== Task material ==
+===+
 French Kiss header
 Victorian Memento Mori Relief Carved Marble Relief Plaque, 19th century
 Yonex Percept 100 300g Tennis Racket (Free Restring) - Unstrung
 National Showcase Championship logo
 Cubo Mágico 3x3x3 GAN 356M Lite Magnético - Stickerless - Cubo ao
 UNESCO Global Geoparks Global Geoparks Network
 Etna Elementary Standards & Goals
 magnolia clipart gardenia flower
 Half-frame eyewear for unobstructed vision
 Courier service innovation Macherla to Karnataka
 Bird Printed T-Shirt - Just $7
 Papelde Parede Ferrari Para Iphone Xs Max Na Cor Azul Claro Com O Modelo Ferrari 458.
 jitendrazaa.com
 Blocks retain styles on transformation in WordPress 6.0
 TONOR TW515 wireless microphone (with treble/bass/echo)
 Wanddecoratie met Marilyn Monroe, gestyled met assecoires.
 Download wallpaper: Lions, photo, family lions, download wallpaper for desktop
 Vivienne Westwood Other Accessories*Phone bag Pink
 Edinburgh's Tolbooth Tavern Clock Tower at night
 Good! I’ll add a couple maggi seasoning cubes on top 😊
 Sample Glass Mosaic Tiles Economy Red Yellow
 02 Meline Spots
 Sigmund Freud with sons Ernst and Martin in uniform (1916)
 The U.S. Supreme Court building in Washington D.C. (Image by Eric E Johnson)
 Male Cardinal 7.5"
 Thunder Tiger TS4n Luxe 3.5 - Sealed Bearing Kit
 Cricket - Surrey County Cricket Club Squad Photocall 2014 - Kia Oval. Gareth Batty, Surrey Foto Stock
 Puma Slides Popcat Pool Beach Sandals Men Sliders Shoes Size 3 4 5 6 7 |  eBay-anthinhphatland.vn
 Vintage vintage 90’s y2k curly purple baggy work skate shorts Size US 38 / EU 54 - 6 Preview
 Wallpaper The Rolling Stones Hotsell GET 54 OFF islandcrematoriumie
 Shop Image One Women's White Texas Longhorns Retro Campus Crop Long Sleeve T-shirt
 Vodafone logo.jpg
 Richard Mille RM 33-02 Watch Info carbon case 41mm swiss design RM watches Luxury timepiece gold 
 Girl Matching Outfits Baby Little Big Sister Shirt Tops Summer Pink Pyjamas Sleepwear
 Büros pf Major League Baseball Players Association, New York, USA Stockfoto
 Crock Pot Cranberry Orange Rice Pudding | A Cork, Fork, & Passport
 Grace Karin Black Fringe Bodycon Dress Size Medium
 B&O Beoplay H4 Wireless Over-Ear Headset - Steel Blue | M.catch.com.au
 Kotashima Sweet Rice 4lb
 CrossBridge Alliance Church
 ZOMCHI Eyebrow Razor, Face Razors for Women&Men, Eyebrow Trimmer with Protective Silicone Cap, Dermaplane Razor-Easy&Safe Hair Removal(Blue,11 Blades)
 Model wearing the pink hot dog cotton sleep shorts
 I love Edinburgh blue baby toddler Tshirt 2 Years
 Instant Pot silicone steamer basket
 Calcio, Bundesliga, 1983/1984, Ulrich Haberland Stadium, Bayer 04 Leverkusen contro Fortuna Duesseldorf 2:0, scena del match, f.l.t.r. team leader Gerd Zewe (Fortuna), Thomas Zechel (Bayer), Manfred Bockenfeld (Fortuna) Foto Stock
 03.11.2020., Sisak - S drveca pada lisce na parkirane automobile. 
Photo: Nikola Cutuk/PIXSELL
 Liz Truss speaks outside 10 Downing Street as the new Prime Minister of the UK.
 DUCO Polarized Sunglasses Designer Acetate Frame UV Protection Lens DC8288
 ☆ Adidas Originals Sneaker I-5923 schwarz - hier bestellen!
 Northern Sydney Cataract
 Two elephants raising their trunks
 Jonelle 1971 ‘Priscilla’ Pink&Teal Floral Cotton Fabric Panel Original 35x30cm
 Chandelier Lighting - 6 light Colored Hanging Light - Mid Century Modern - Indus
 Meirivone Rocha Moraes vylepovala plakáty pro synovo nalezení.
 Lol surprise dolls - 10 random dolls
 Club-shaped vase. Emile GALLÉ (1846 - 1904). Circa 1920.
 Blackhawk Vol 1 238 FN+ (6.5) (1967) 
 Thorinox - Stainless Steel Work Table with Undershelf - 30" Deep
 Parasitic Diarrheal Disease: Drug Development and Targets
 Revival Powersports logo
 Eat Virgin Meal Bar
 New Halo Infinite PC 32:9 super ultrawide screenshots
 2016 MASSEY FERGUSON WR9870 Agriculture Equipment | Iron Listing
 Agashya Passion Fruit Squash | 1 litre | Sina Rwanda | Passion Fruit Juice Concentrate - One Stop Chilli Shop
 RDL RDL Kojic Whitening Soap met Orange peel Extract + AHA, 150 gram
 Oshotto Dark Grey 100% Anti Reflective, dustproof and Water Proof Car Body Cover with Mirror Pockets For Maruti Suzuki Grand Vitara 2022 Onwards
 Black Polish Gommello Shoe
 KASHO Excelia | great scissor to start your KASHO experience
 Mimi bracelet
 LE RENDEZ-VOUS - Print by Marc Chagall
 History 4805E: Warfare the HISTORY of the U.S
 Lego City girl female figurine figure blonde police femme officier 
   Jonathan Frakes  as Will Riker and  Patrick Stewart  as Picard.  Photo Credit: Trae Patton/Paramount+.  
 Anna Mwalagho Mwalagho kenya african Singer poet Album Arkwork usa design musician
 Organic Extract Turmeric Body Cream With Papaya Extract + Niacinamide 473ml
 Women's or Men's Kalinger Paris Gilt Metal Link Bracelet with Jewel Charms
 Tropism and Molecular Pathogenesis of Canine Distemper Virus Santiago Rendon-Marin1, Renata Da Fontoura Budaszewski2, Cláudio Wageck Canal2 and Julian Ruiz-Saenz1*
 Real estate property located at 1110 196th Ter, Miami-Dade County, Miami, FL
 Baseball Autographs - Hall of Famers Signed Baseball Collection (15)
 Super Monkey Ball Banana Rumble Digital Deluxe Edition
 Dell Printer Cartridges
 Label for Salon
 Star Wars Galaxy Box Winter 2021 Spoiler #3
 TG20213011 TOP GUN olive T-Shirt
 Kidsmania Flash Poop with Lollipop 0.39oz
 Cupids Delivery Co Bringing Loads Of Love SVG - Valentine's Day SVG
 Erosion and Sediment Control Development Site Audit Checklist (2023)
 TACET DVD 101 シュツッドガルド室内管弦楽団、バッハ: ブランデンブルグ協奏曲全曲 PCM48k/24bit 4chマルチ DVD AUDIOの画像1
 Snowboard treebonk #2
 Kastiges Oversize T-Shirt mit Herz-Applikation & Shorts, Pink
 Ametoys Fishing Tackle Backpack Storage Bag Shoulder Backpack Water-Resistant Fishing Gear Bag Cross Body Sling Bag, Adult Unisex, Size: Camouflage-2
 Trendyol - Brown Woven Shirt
+===+
Repeat exactly the lines above from the one with "Mimi bracelet" up to and including the one with "Erosion and Sediment". No other line belongs in the reply.

 Mimi bracelet
 LE RENDEZ-VOUS - Print by Marc Chagall
 History 4805E: Warfare the HISTORY of the U.S
 Lego City girl female figurine figure blonde police femme officier 
   Jonathan Frakes  as Will Riker and  Patrick Stewart  as Picard.  Photo Credit: Trae Patton/Paramount+.  
 Anna Mwalagho Mwalagho kenya african Singer poet Album Arkwork usa design musician
 Organic Extract Turmeric Body Cream With Papaya Extract + Niacinamide 473ml
 Women's or Men's Kalinger Paris Gilt Metal Link Bracelet with Jewel Charms
 Tropism and Molecular Pathogenesis of Canine Distemper Virus Santiago Rendon-Marin1, Renata Da Fontoura Budaszewski2, Cláudio Wageck Canal2 and Julian Ruiz-Saenz1*
 Real estate property located at 1110 196th Ter, Miami-Dade County, Miami, FL
 Baseball Autographs - Hall of Famers Signed Baseball Collection (15)
 Super Monkey Ball Banana Rumble Digital Deluxe Edition
 Dell Printer Cartridges
 Label for Salon
 Star Wars Galaxy Box Winter 2021 Spoiler #3
 TG20213011 TOP GUN olive T-Shirt
 Kidsmania Flash Poop with Lollipop 0.39oz
 Cupids Delivery Co Bringing Loads Of Love SVG - Valentine's Day SVG
 Erosion and Sediment Control Development Site Audit Checklist (2023)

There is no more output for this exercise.